Go through the listing below and repeat it exactly, dropping the pictures.

* Available data
++++++
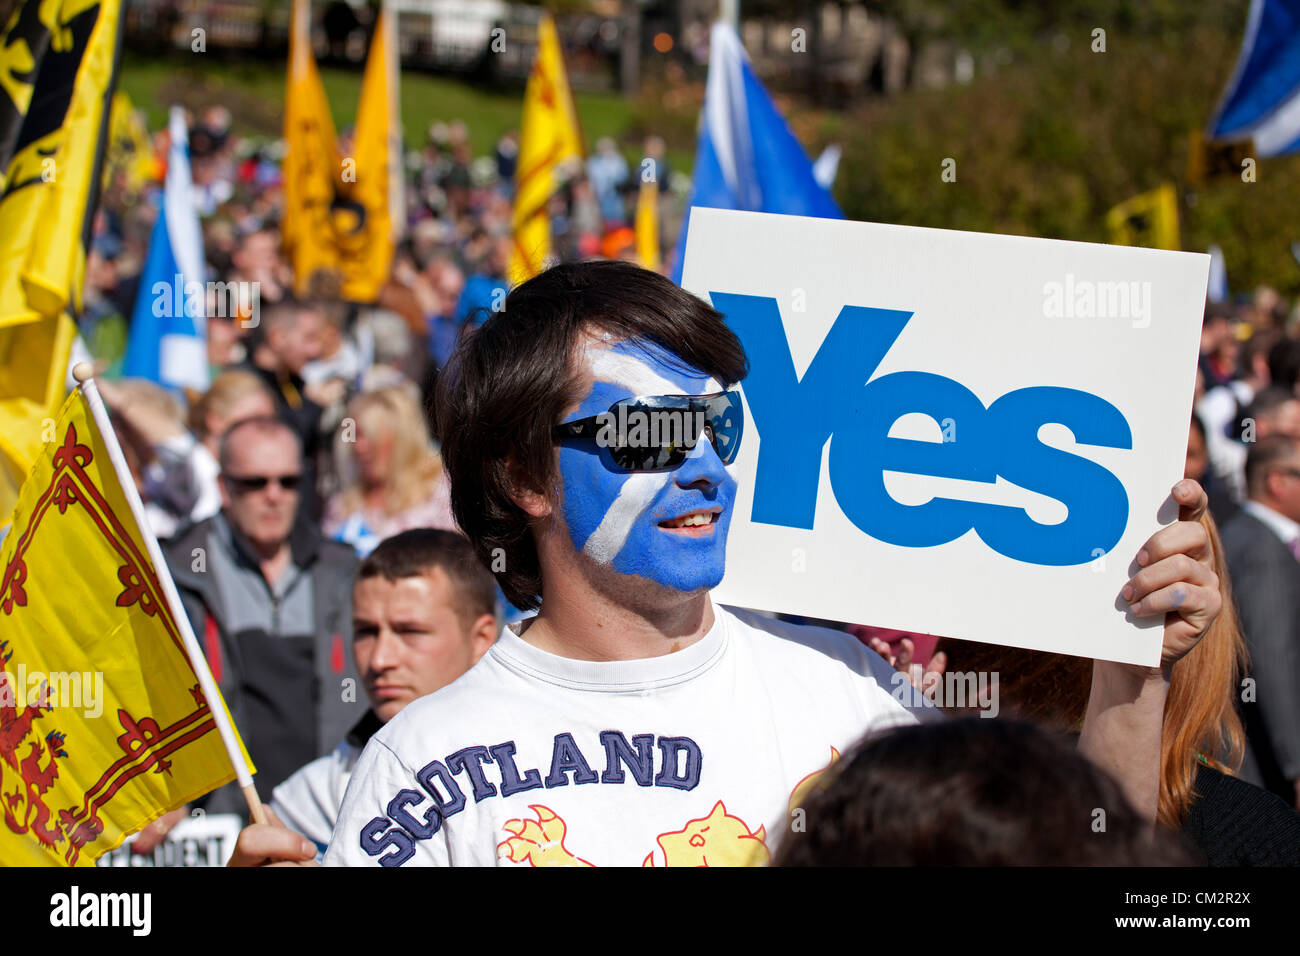 22 September 2012, Edinburgh, an estimated Five Thousand people took part in an event in the city aimed at  demonstrating support for independence.  Both young and old waving saltires and lion rampant flags gathered in  Princes Street Gardens.   The rally was staged under the banner Independence for Scotland and is not part of the official Yes Scotland campaign. Stock Photo
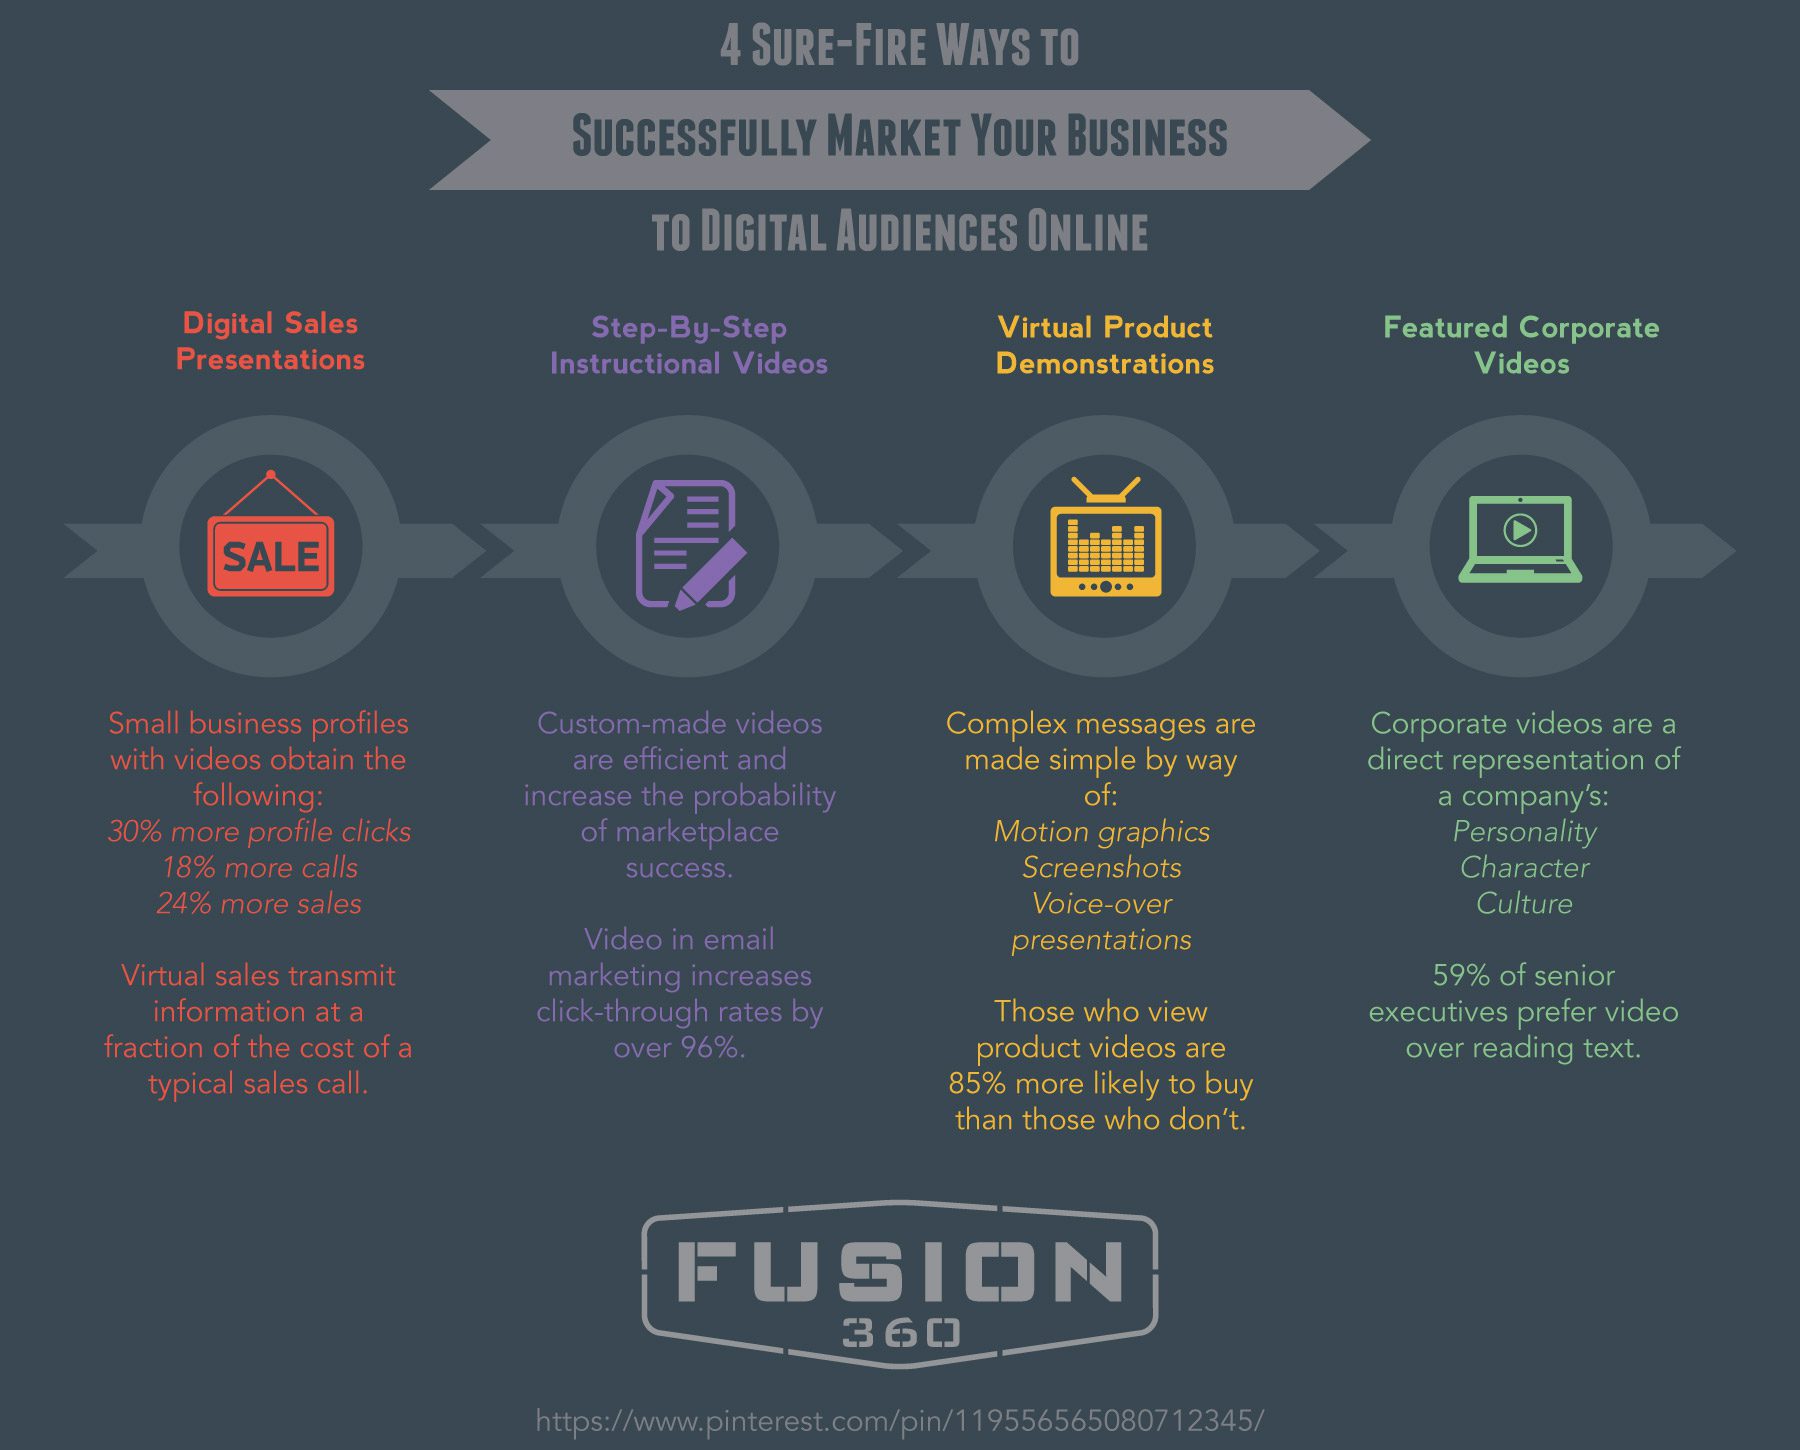 Fusion 360 - 4 Sure-Fire Ways to Successfully Market Your Business to Digital Audiences Online (Fusion 360 Video Production)
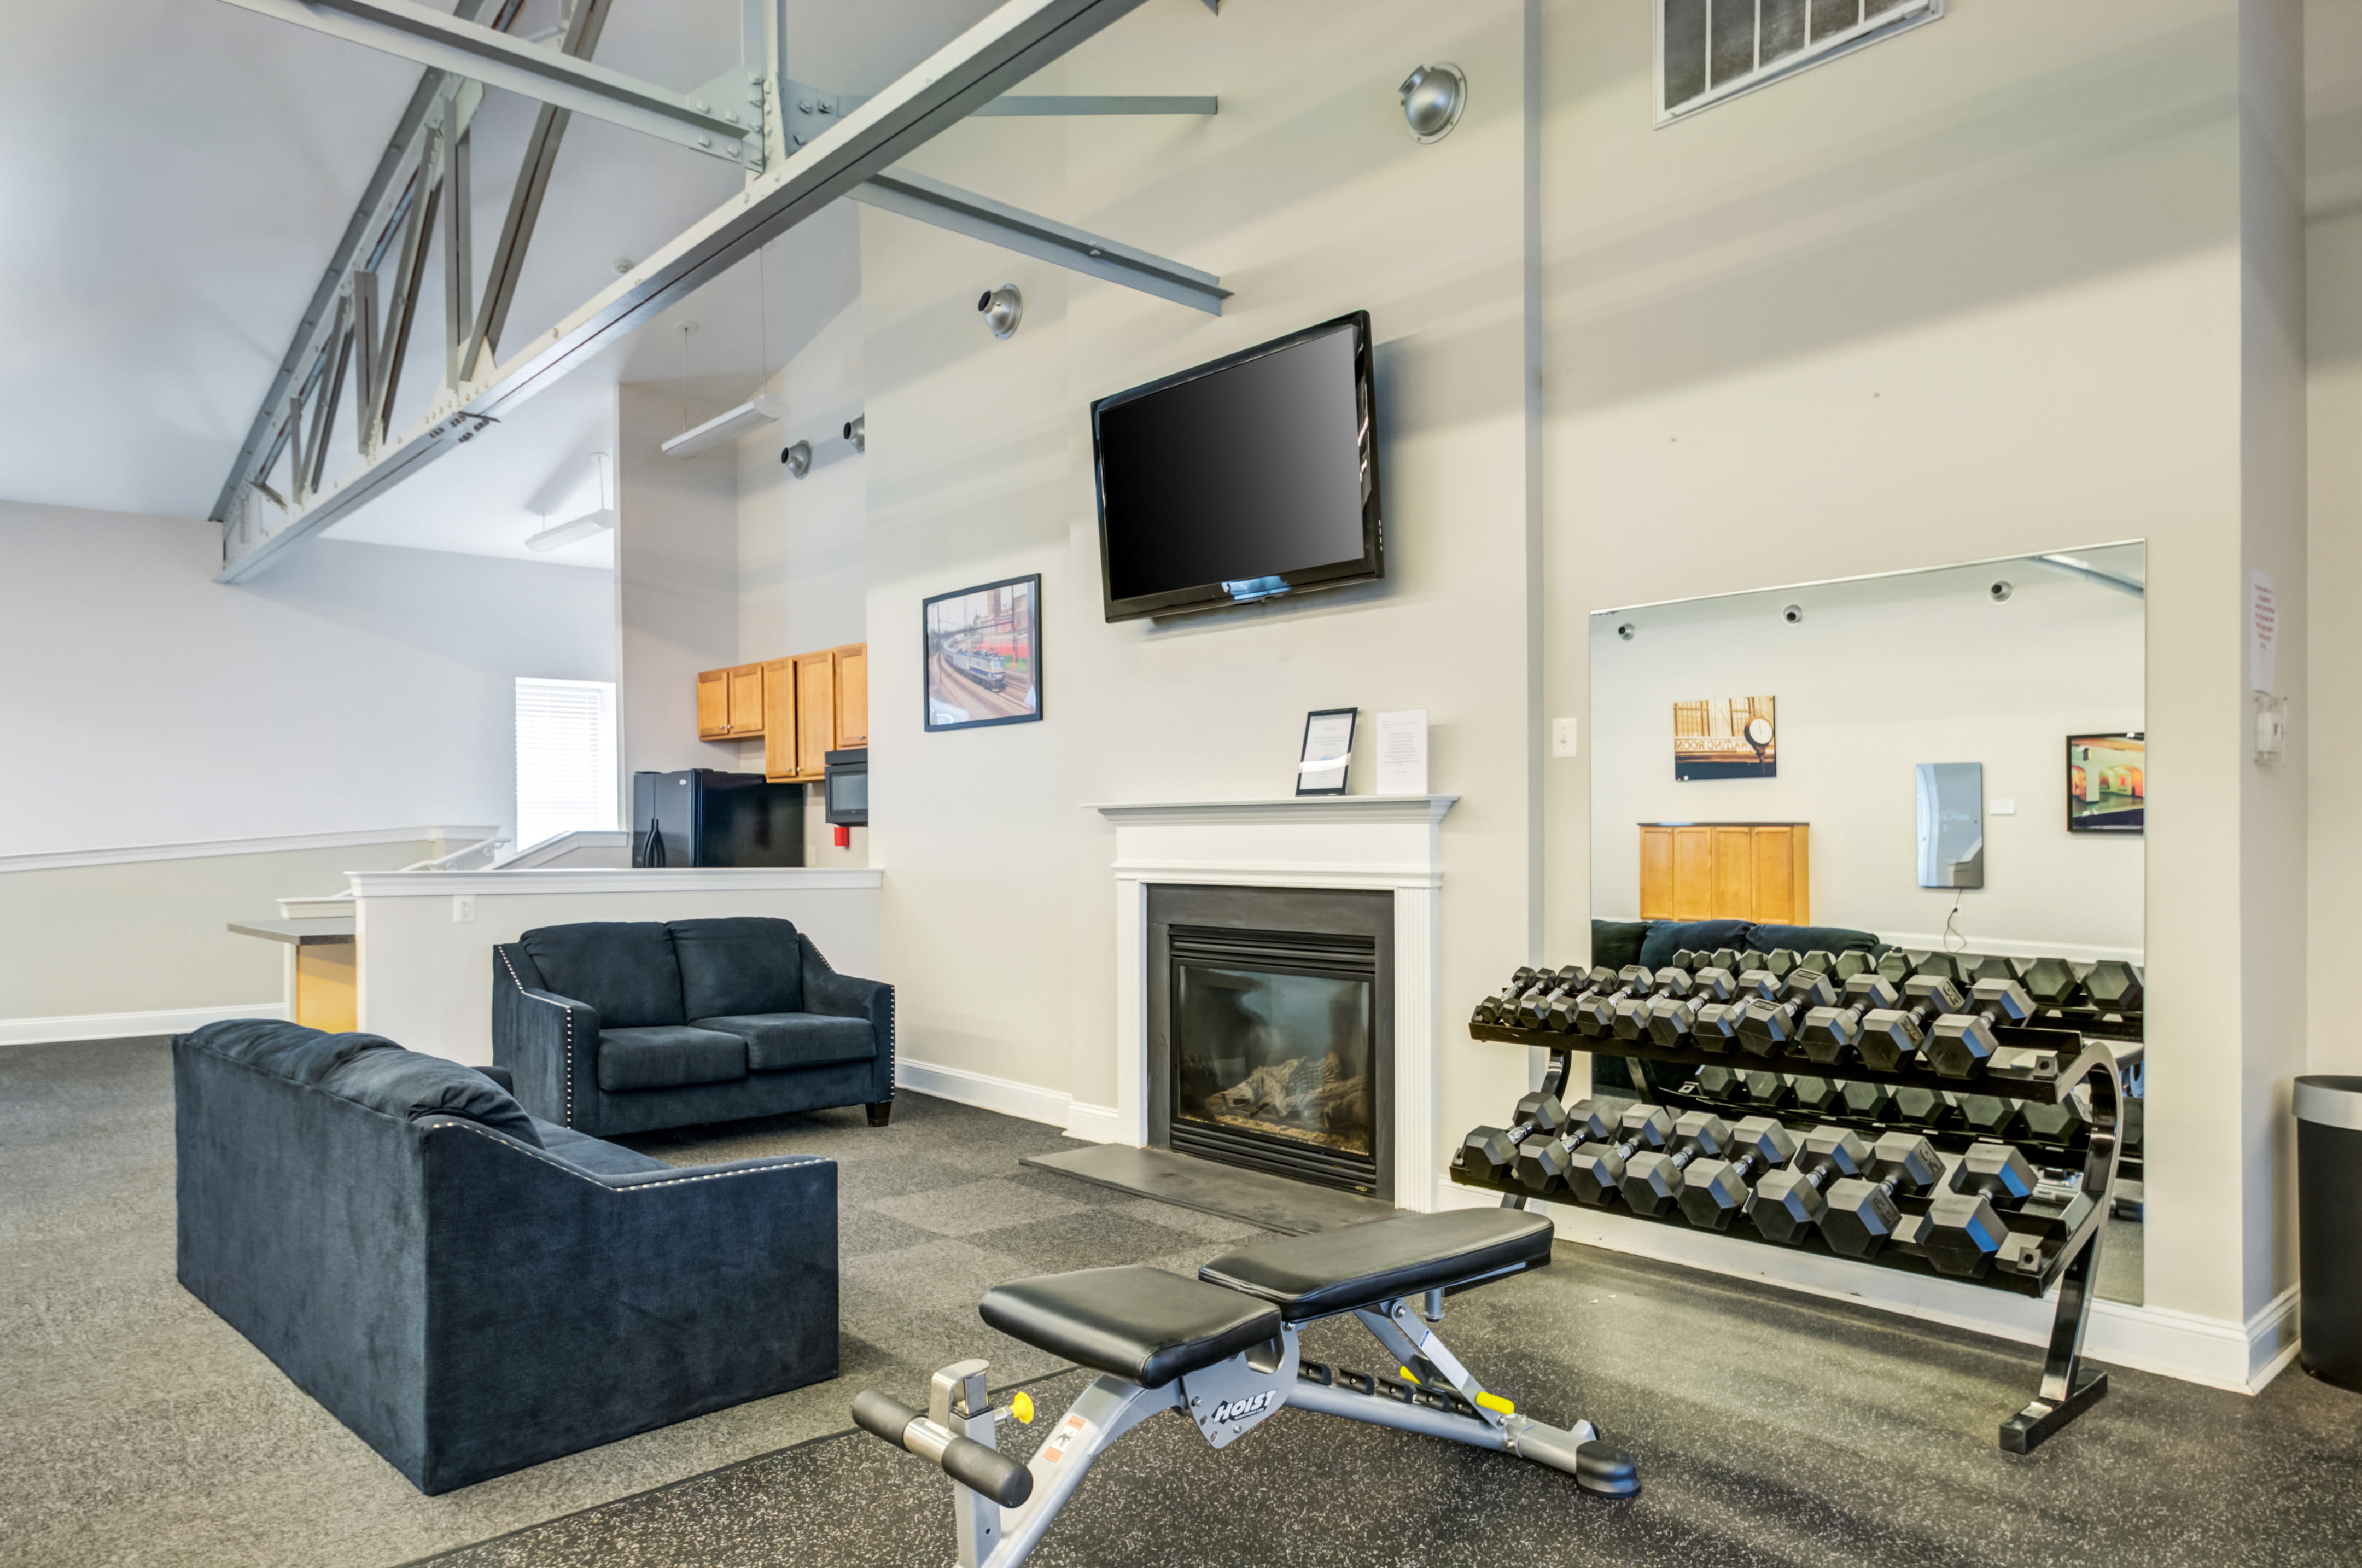 Community activity room at Melrose Station Apartments in Elkins Park, Pennsylvania
++++++
* Answer box
 22 September 2012, Edinburgh, an estimated Five Thousand people took part in an event in the city aimed at  demonstrating support for independence.  Both young and old waving saltires and lion rampant flags gathered in  Princes Street Gardens.   The rally was staged under the banner Independence for Scotland and is not part of the official Yes Scotland campaign. Stock Photo
 Fusion 360 - 4 Sure-Fire Ways to Successfully Market Your Business to Digital Audiences Online (Fusion 360 Video Production)
 Community activity room at Melrose Station Apartments in Elkins Park, Pennsylvania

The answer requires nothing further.